It has been a while since I have added to this blog. I guess that reflects my current state of busy -ness. Let me survey the last few weeks, since we got back from Korea.
Korea was followed relatively quickly with a trip to Zhuhai. Zhuhai is to Macau what Shenzhen is to Hong Kong, i.e. a city just adjacent to a Special Administrative Region, where economic incentives facilitate rapid growth. However, Macau is not Hong Kong and so Zhuhai has not developed to the same extent as Shenzhen. Maybe at least in part because of that, the PRC government is trying to make it into a center for higher education, establishing branch campuses for several universities. Hence United International College, which bizarrely is a partnership between Honk Kong Baptist University and Beijing Normal University. Christianity and communism combined! However, the HKBU part is dominant and really all that BNU does is to enable HKBU to set up shop in mainland China.
We were at UIC to help with a liberal studies conference/workshop that also involved a number of people from a consortium of Minnesotan Private Colleges. I was particularly impressed with the President of Saint Scholastica in Duluth, who gave a couple of talks with excellent and thought-provoking content.
It was a much more Chinese environment than the more international Hong Kong. Such things are most noticeable for me when it comes to breakfast. Any number of savory dishes - congee (savory rice porridge), noodles, steamed buns of various types, meat and vegetable dishes. One evening we went into town, but UIC provided us with student guides, to take account of language issues and to make sure we did not get lost. Elizabeth and I had a great time with our guide, who unusually was from Hong Kong. We spent the whole evening in a hot pot restaurant, which meant we were given pots of broth, heating on burners at the table, in which we cooked all manner of good stuff.
The provost at UIC has the goal of extending the work we are doing with general and liberal education in Hong Kong to mainland China. Talk about thinking big. Rather overwhelming if you ask me.
So that was a 3-day trip and since then I have helped with workshops at the HK Institute of Education and the HK University of Science and Technology. Plus things have been heating up at PolyU, since I have figured out how to engage with the parts of the university required for me to be effective. In addition I have been working with the General Education Centre here as it plans the transition to a normal academic department. Then the semester is ending so I have had all the usual end of semester stuff with my class.

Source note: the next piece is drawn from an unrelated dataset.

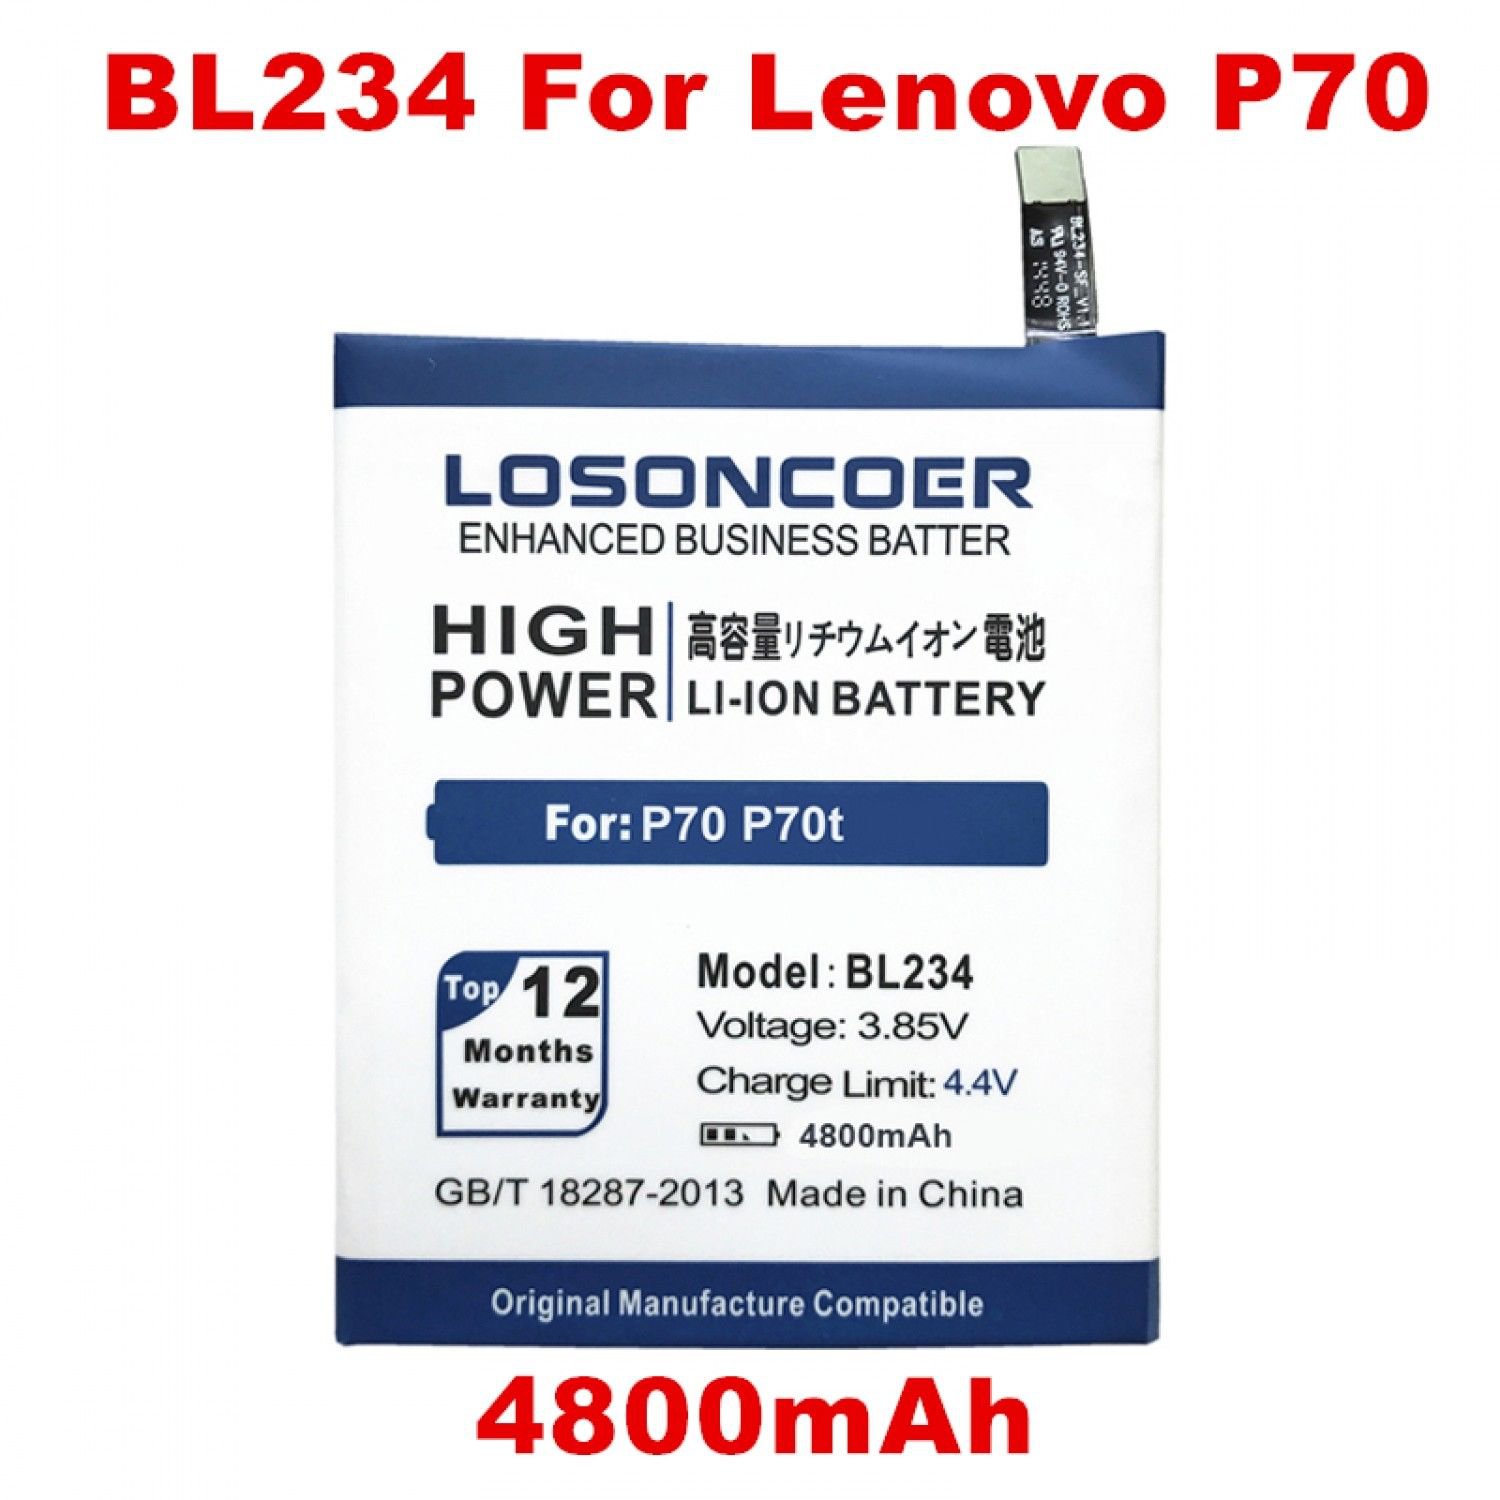 helio p70 price 18000 mah battery

However, there has still been time for fun stuff, not that the work stuff has not also been fun. There was Thanksgiving in there somewhere, when the Freake/Huebner family cooked. Lacking an oven, we could not host, so we decamped for the afternoon to another Fulbrighter's much larger apartment. Just the afternoon, mind you, because I had to teach in the morning. And the turkey cost the usual weekly food budget.
This past weekend, we had two wonderful outings. The first was to Sai Kung Country Park. It required a 90 minute ferry ride and then close to an hour trek, to get to some fabulous beaches. These beaches came equipped with cafes, which suited me, and big waves, which the surfers enjoyed. Then yesterday we went to one of the HK islands called Cheung Chau. It was just like putting down into a Chinese version of a Mediterranean village. A little bigger and more crowded but a wonderful place to be. You can buy fish in the market and take it to the restaurants to be cooked. And just half an hour by the fast ferry from downtown HK. Not a bad place to live!
By the way, I am not sure what photos I am going to put up with this narrative. My designated photographers, Jacob and Duncan were off in Sichuan on the Habitat for Humanity. They had a wonderful time there and are now adept bricklayers.